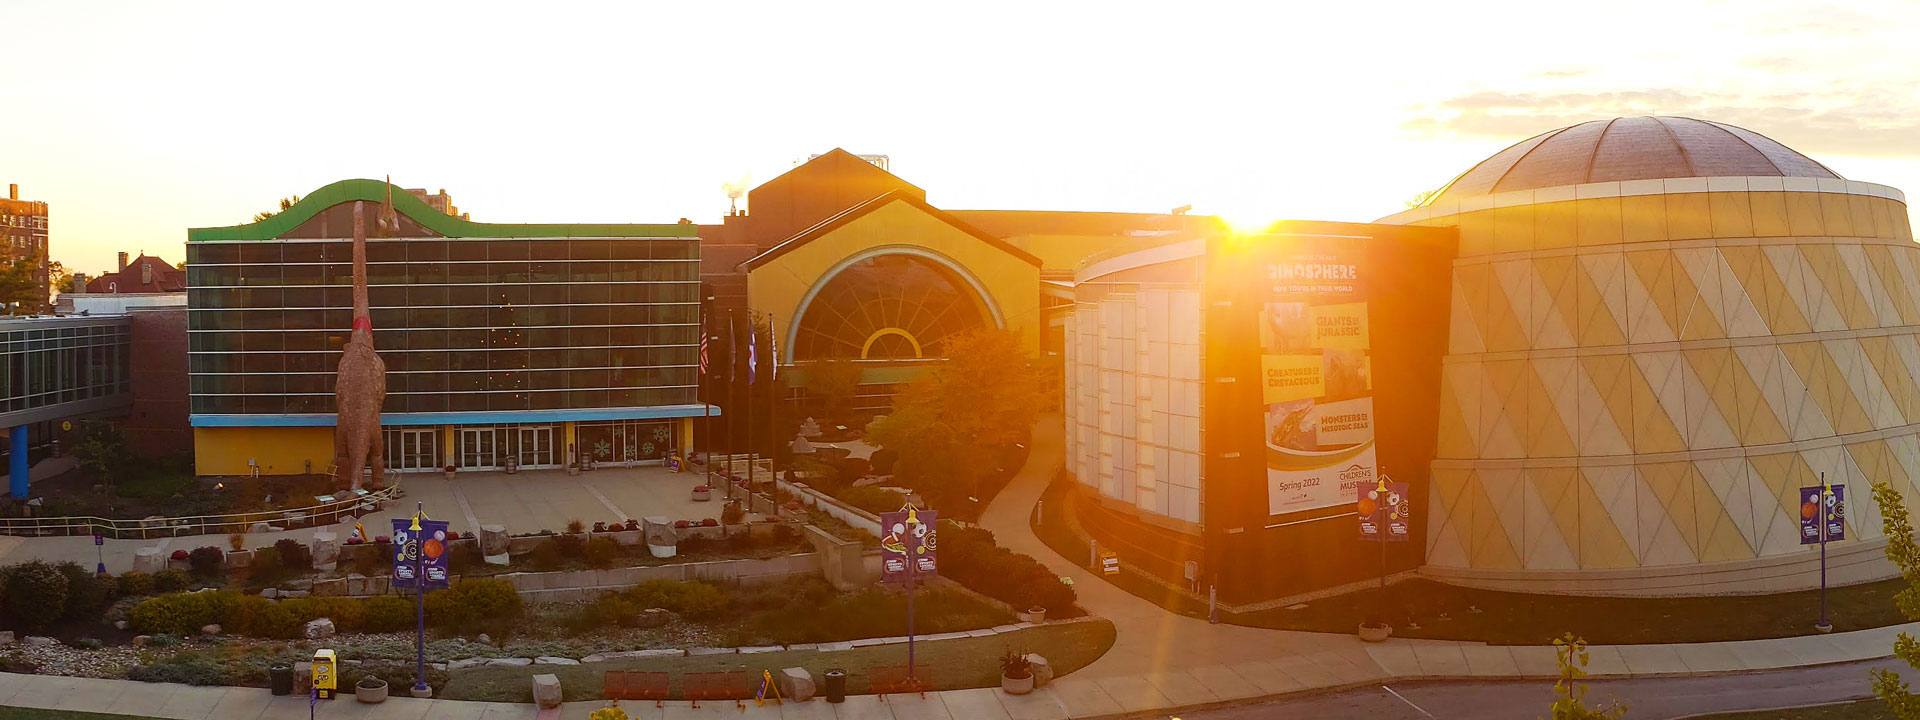 Exterior of The Children's Museum of Indianapolis with the sun rising in the background.
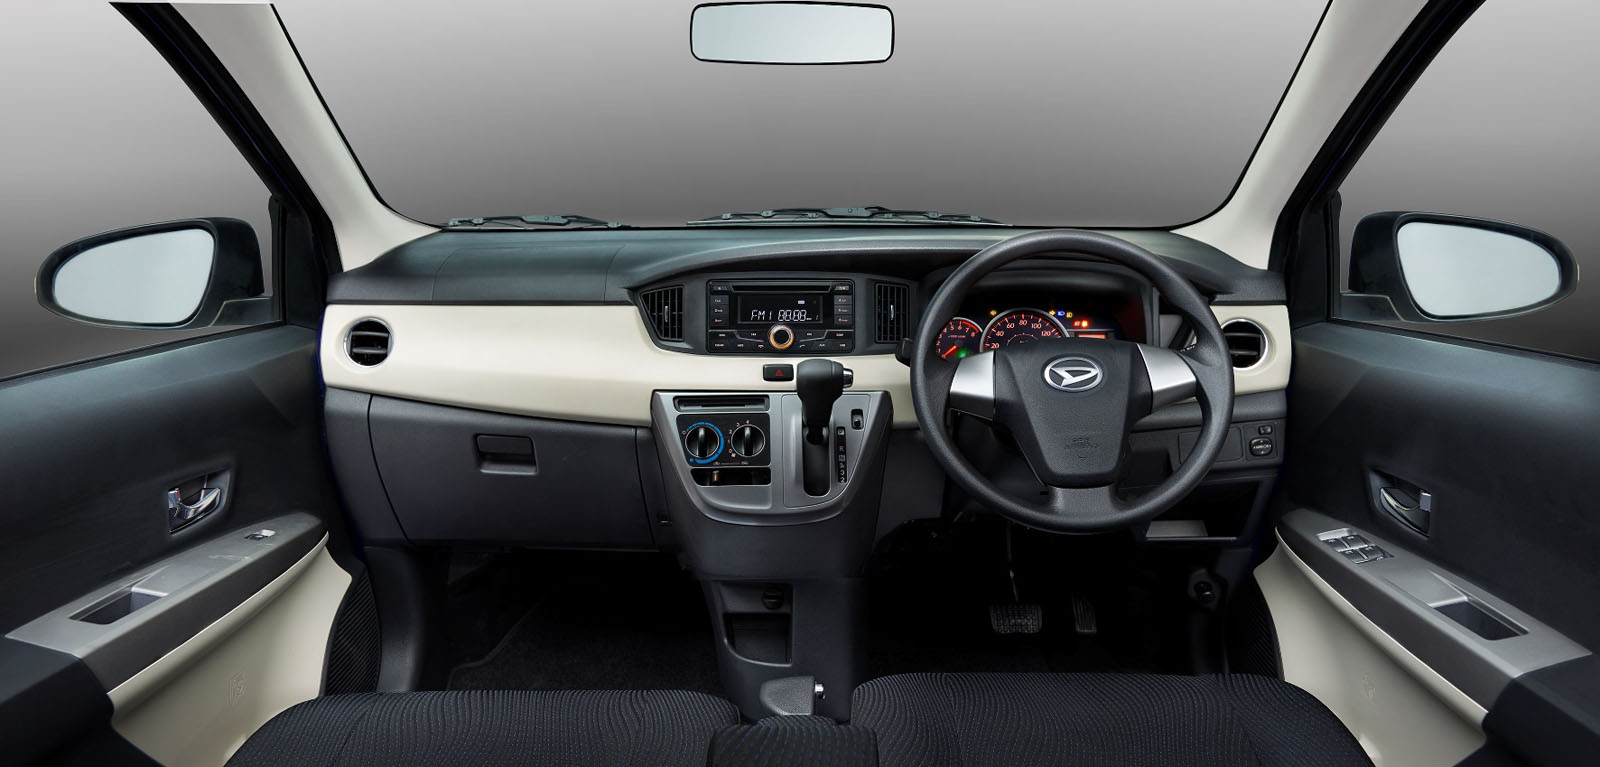 Daihatsu Rolls Out New Budget- And Family-Friendly Sigra 
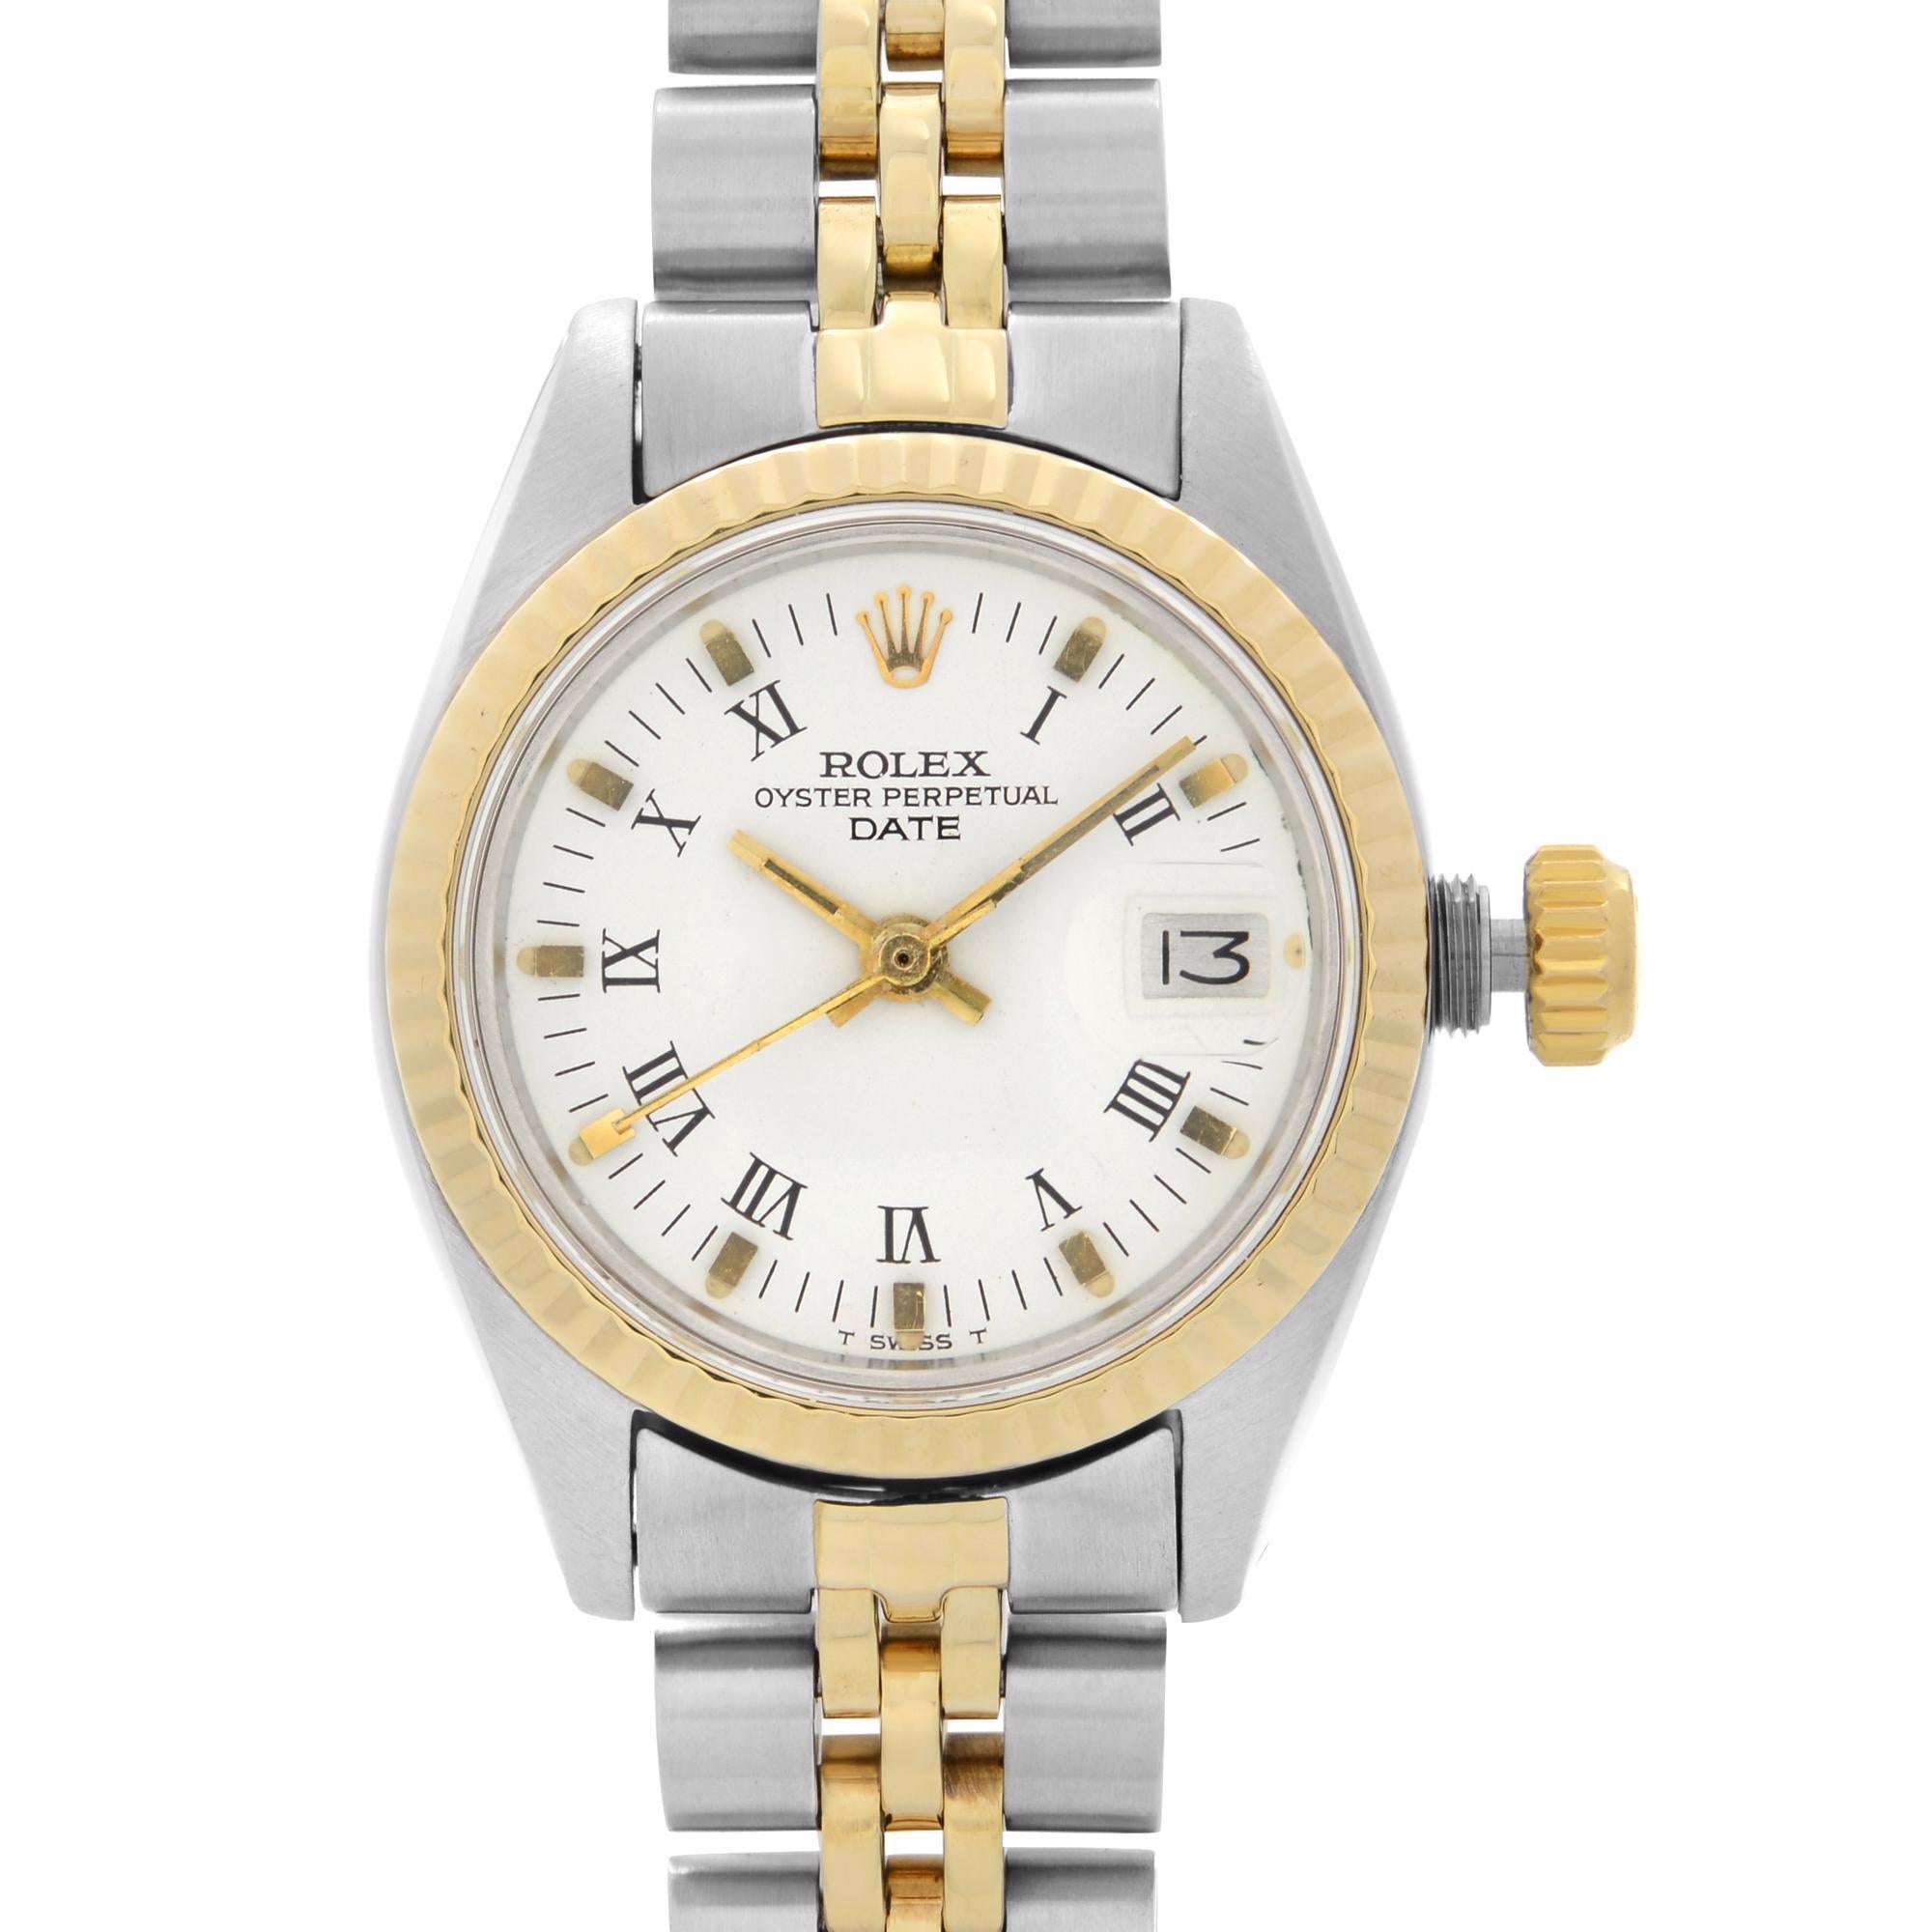 Pre-owned Vintage Rolex Date 26mm Steel Gold White Roman Dial Automatic Ladies Watch 6917. Dial have micro-scratches and dirt due to age.  Minor Discoloration on the Gold-Tone Hands And Hour Markers. The Bracelet has Moderate Slack. This Beautiful

■ AIM OF THE EXERCISE
Only the pictures should be left out; the rest of the material above must be repeated exactly.

■ YOUR RESPONSE
 Exterior of The Children's Museum of Indianapolis with the sun rising in the background.
 Daihatsu Rolls Out New Budget- And Family-Friendly Sigra 
 Pre-owned Vintage Rolex Date 26mm Steel Gold White Roman Dial Automatic Ladies Watch 6917. Dial have micro-scratches and dirt due to age.  Minor Discoloration on the Gold-Tone Hands And Hour Markers. The Bracelet has Moderate Slack. This Beautiful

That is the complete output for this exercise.